In what seems like another lifetime, Brendan Leonard sat in the back of a police car in Cedar Falls, Iowa, arrested for his second DUI, and realized he could not afford to mess up again. He had already wrecked several cars and several more relationships, been jumped and beaten bloody, been fired from multiple jobs, and was about to go to jail for the third time. Leonard knew his life was tanking fast.

Leonard served his sentence and moved out west to Missoula, Montana. In the coming years, he endured a painful, awkward period of white-knuckled sobriety, loneliness, and social anxiety. Without drinking, his life had become about what he did not do.

But an unlikely gift, a 60-meter climbing rope, turned his life around. Until that point, climbing was a foreign concept. With his new gift, co-workers from his job at REI introduced Leonard to the basics of climbing.

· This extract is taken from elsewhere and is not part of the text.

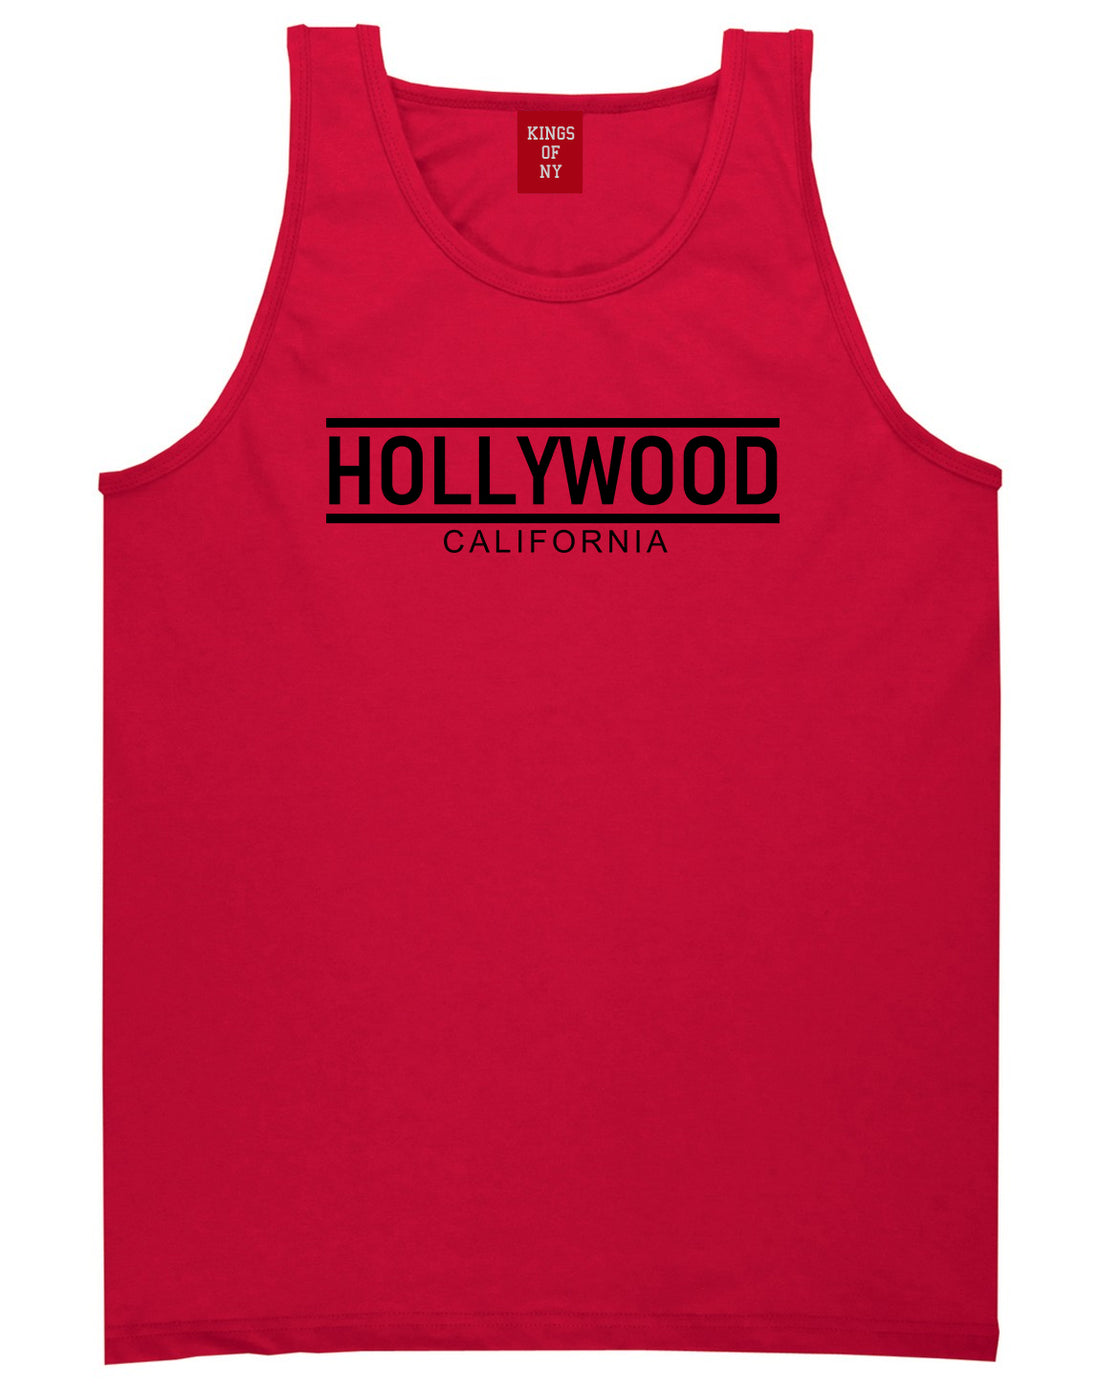 Hollywood California City Lines Mens Tank Top T-Shirt Red

He took it on with hesitation, and usually felt overcome with fear about leading. It wasn’t until he moved to Colorado’s Front Range, three years into sobriety, that he truly fell in love with climbing. Leonard shifted his energy and focus to spending as much time as possible trad-climbing in Boulder Canyon, Eldorado Canyon, and the Flatirons. Through climbing he found freedom and opportunity to become something new.

Today, Leonard is in the middle of a constant stream of creative projects. He is the writer behind the popular blog Semi-Rad. He is a filmmaker, having just premiered "Ace and the Desert Dog" to enthusiastic audiences at 5Point and Mountainfilm. And his second book, Sixty Meters to Anywhere, just hit bookshelves nationwide.

Leonard’s story has become a beautiful, moving tale. His book is heartfelt, and brutally honest. I sat down to discuss with Brendan his journey through sobriety.

Your story in your book connects with people who are not climbers, or who haven’t experienced alcoholism or addiction. Why is that?

I don’t want this book to be something only people with addiction issues get something out of. It’s about the transformative power of the wilderness, which a lot of people have experienced on their own.

Where are you now with your sobriety? Are you still tempted to drink?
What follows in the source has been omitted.